CONCLUSION: Our study demonstrated that both the flavonoid and stilbene glycoside extracts of fenugreek improved the hyperglycemia in the T2DM mice model. Moreover, the antidiabetic effects of both extracts might be due to their antioxidant activity in vivo.

INTRODUCTION

Diabetes mellitus (DM) is prevalent worldwide, and according to World Health Organization (WHO) and the American Diabetes Association diagnostic criteria, 439 million adults will be affected by diabetes by 2030.1 DM is characterized by a relative or absolute lack of insulin, which may lead to hyperglycemia. The two main types of DM are type 1 DM (T1DM) and type 2 DM (T2DM). T1DM is an autoimmune disease that leads to the destruction of the insulin‐producing pancreatic β‐cells in the islets, and it is most commonly diagnosed in children and young adults. T2DM is a complex, heterogeneous, and polygenic disease characterized mainly by insulin resistance and pancreatic β‐cell dysfunction. It is the most common type of diabetes, and the percentage rate is 90% of all incidences DM.2, 3 Some data indicate that high‐fat diet (HFD) and obesity are the main risk factors for T2DM.4 Therefore, in theory, weight reduction and exercise should improve the T2DM state, but in reality, lifestyle interventions have failed in numerous cases. Therefore, drugs must be used in these T2DM cases to avoid the deleterious effects of chronic hyperglycemia. Currently, T2DM drug treatments mainly include chemical drugs such as biguanides, thiazolidinediones, sulfonylureas, d‐phenylalanine, meglitinides, and α‐glucosidase inhibitors in addition to insulin.
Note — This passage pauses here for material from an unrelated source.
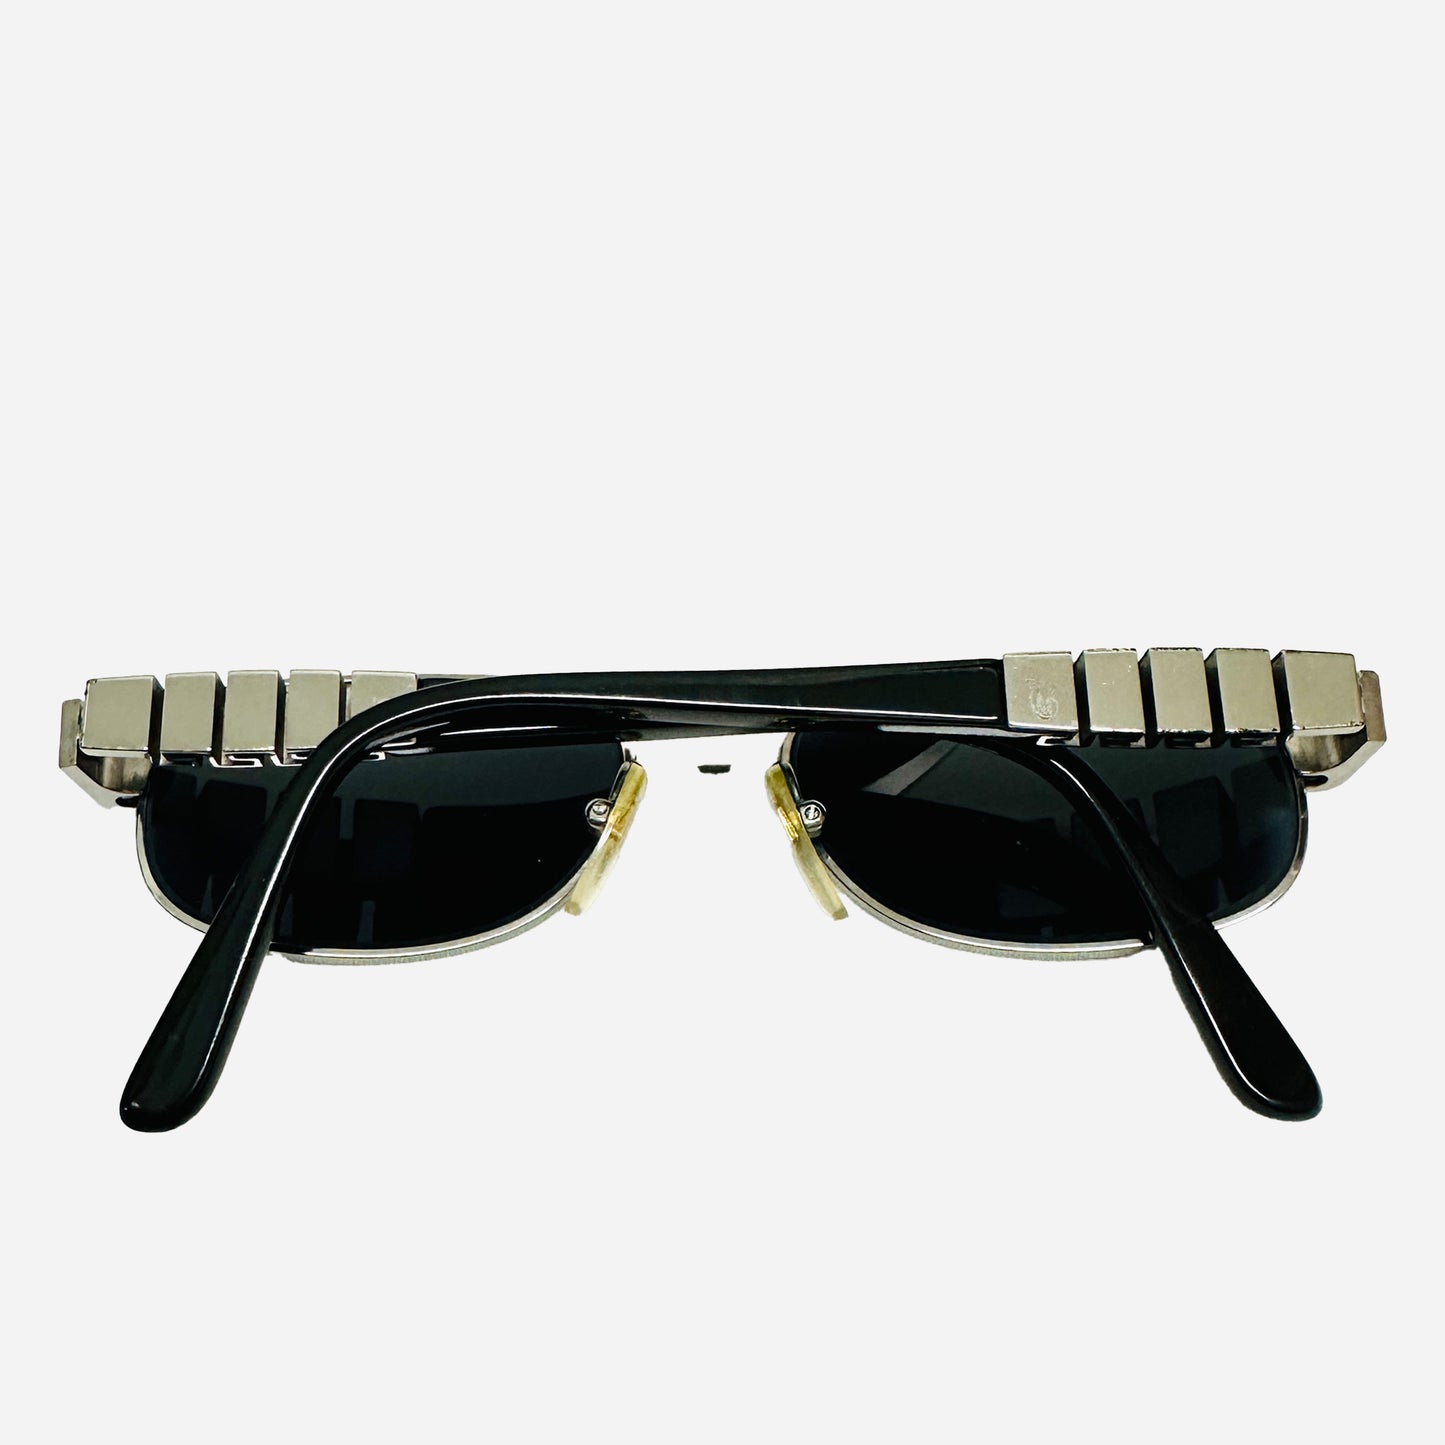 Vintage-Gianni-Versace-Sonnebrille-Sunglasses-S20-s-20-designer-the-seekers-sunglasses-back

All these drugs have different degrees and types of side effects5, 6; therefore, there is a demand for new safer compounds for the treatment of diabetes. Because of the apparent minimal side effects, natural products have attracted the attention of scientists.
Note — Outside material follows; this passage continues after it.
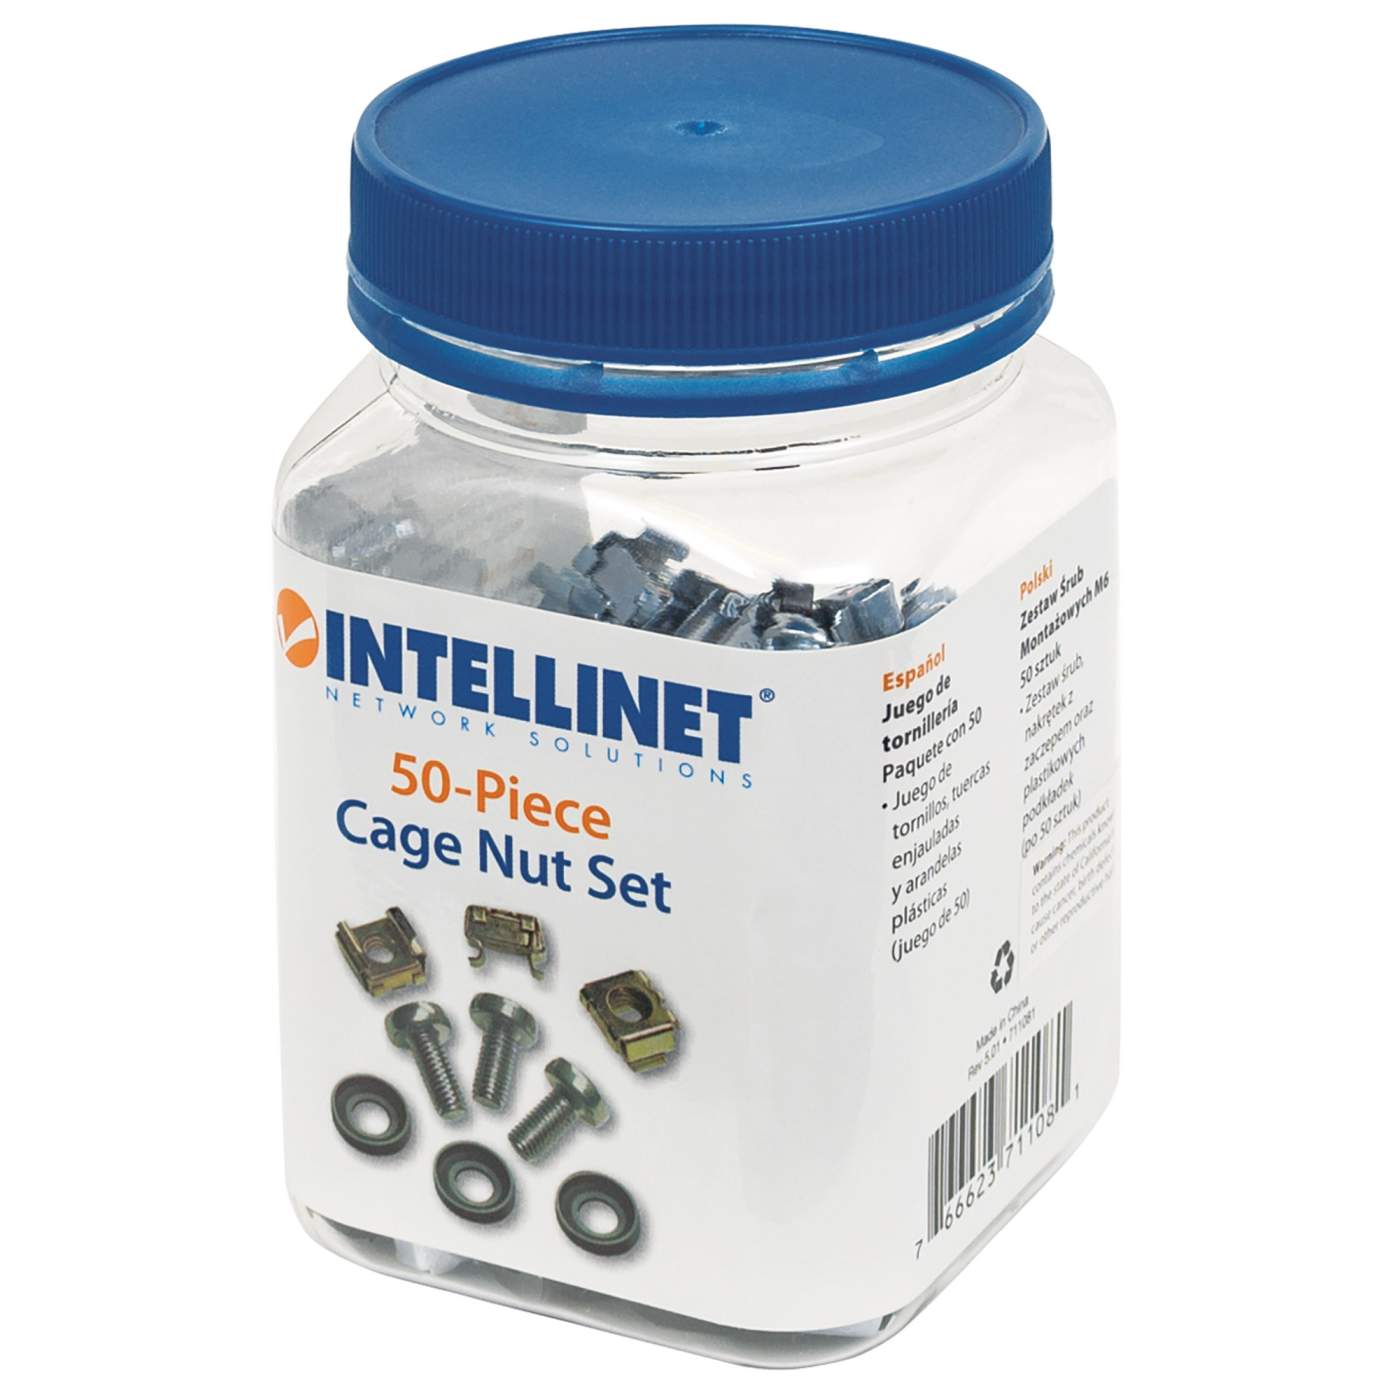 Cage Nut Set Packaging Image 2

Fenugreek (Trigonella foenum‐graecum L), a well‐known annual herb belonging to the family Leguminosae, has been widely used as a spice, edible vegetable, and medicinal plant for a long time. Furthermore, some studies have reported on the active components of fenugreek.7, 8, 9, 10, 11 4‐Hydroxyisoleucine and galactomannan, isolated from fenugreek, can lower the blood glucose levels and improve lipid metabolism in vivo.12 Other studies have suggested that fenugreek might possess antihypoglycemic and antihyperlipidemic effects in humans and animal models.13, 14, 15, 16, 17, 18, 19, 20, 21, 22, 23 The mechanism of antihypoglycemia induced by fenugreek seed extract was shown to be mediated through stimulation of an insulin signaling pathway in a research study.17

MATERIALS AND METHODS

Preparation of fenugreek

Fenugreek was collected from Qinghai Province of the PR of China, where Chinese herbal medicine is abundant. The purified fenugreek extract was obtained from Northwest Institute of Plateau Biology, Chinese Academy of Sciences in December 2015. Dried fenugreek seeds (500 g) were ground into a powder and sequentially extracted thrice with 75% ethanol (10 L) under reflux at 60°C. After vacuum concentration, 245 g of the residues was diluted with water (1 L) and further successively extracted with light petroleum (boiling point 60‐90°C, 2.0 L), ethyl acetate (2 L), and n‐butanol (3 L). Each solution was vacuum evaporated to dryness at 60°C to obtain a total yield of 30.5, 33.7, and 35 g of petroleum ether, ethyl acetate (flavonoid), and n‐butanol (stilbene glycoside) extracts, respectively.

Study design

Male C57BL/6J mice (n = 100, Vital River Laboratory Animal Technology Co., Ltd., Beijing, China) weighing 18‐22 g (4 weeks age) were purchased and maintained at 5 animals per IVC cage at a stable temperature (22‐23°C) and humidity (60%), with a 12‐h light‐dark cycle in the Laboratory Animal Center Chinese Center for Diseases control and Prevention, Beijing. The animal had free access to water and food. After acclimation for 1 week, the mice were fed HFD (the ingredients were consistent with the D12492 diet) except for the uninduced control. Then, 5 weeks later, they were injected with STZ to induce T2DM, and 72 h later, the fasting blood glucose (FBG) was measured. Mice with FBG levels ≥ 11 mmol/L were considered hyperglycemic in our study. According to the blood glucose level, 60 mice were randomly divided into the following 6 groups: positive control (PC), T2DM animal model (M), flavonoid high and low doses (E1H and E1L, respectively), and stilbene glycoside high and low doses (E2H and E2L, respectively). Fenugreek extracts at doses of 20 and 80 mg kg−1 d−1 were intragastric administrated to the EH and EL groups, respectively, for 4 weeks. Metformin (500 mg kg−1 d−1) was used as a positive control.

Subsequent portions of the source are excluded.